Remember that the parallelogram is a quadrilateral that has four congruent opposite sides (same size). In this figure, the opposite sides are parallel.
The parallelogram is a polygon (flat and closed figure) that has four internal and external angles. The sum of the internal or external angles is 360°.
Area formula
To calculate the measure of the parallelogram area, multiply the base value (b) by the height (h). So the formula is:
A = b.h
Complement your research by reading the articles:
- Parallelogram
- Polygon Area
- Polygons
- plane geometry
Stay tuned!
The perimeter of a flat figure, different from its area, corresponds to the sum of all the side measurements. Therefore, in the case of the parallelogram, the perimeter is given by the formula:
P = 2 (a+b)
Where,
P: perimeter
The and B: two-sided lengths
Observation!
The area value is usually given in cm2 (square centimeter), m2 (square meter) or km2 (square kilometer).

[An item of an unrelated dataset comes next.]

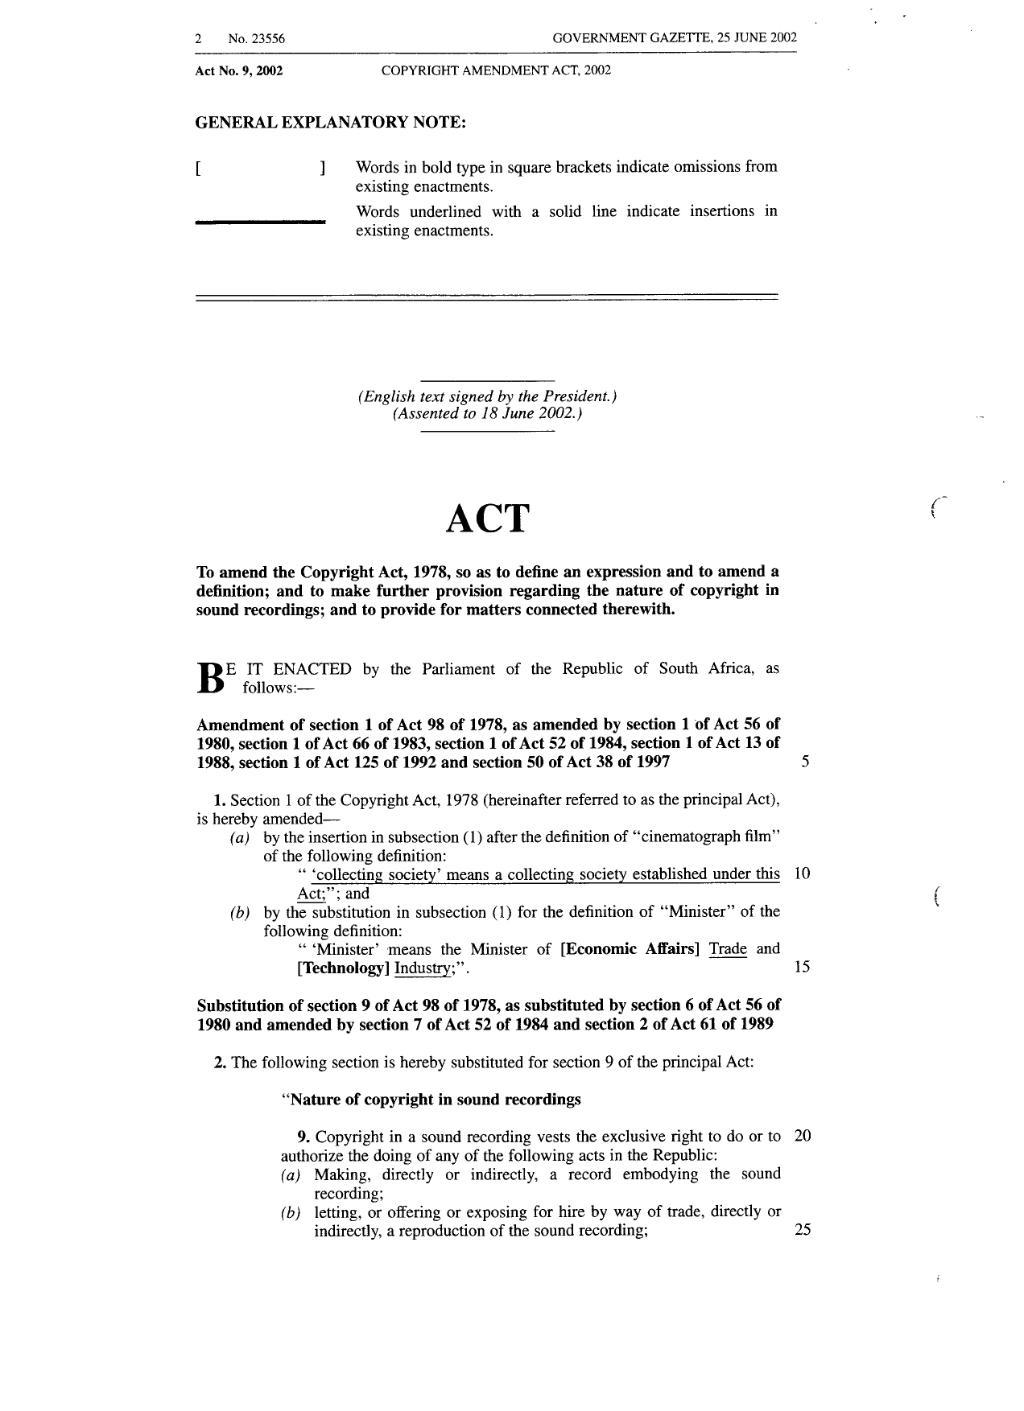 page:copyright amendment act 2002 from government gazette.djvu/2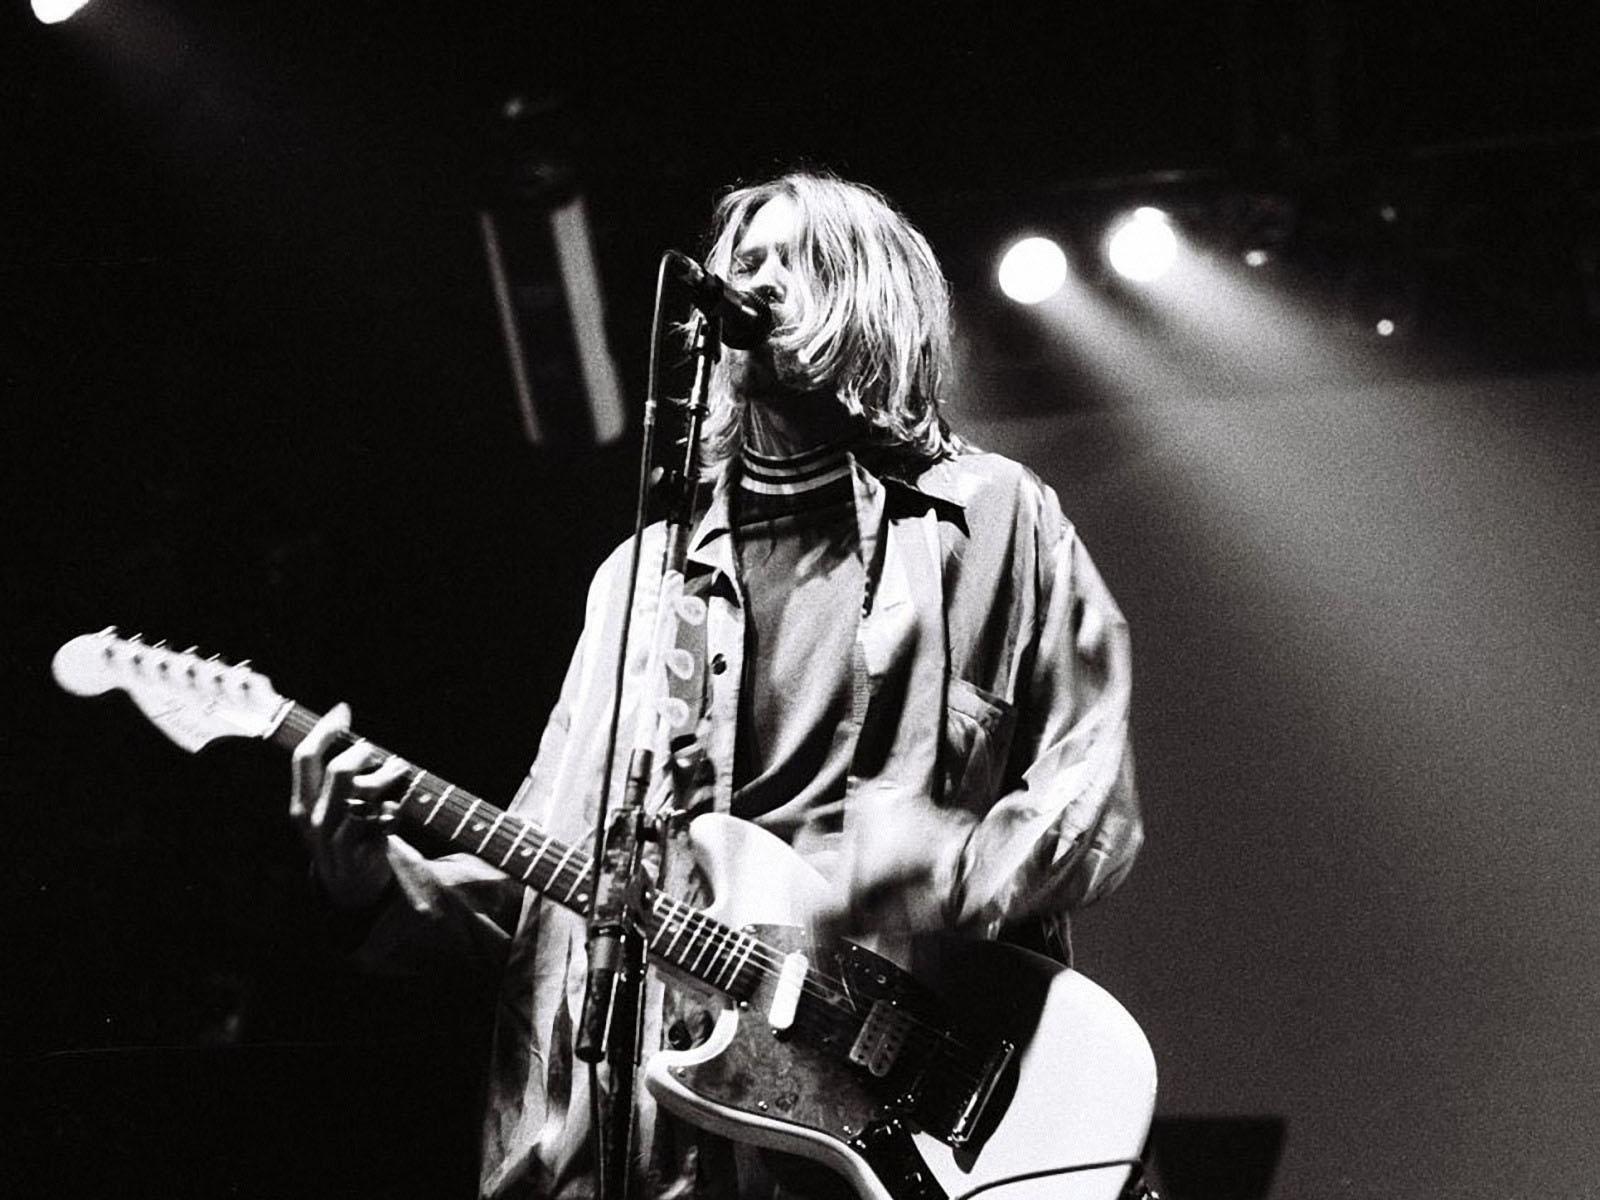 Kurt Cobain Wallpaper Nirvana The Person Listening Desktop 1600 1200 Kurt Cobain Wallpaper 43 Wallpapers Adorable W Nirvana Music Nirvana Wallpaper Nirvana

The perimeter will always be the simple unit of measurement, that is, it is given in cm (centimeter), m (meter) or Km (kilometer). This is because to find the area, the values are multiplied and the values are added to the perimeter.
Read more about the topic in the articles:
- Area and Perimeter
- Perimeters of Flat Figures
Did you know?
Parallelograms are defined as quadrilaterals of equal sides and parallel opposite sides. Thus, the square, rectangle and rhombus are also parallelograms.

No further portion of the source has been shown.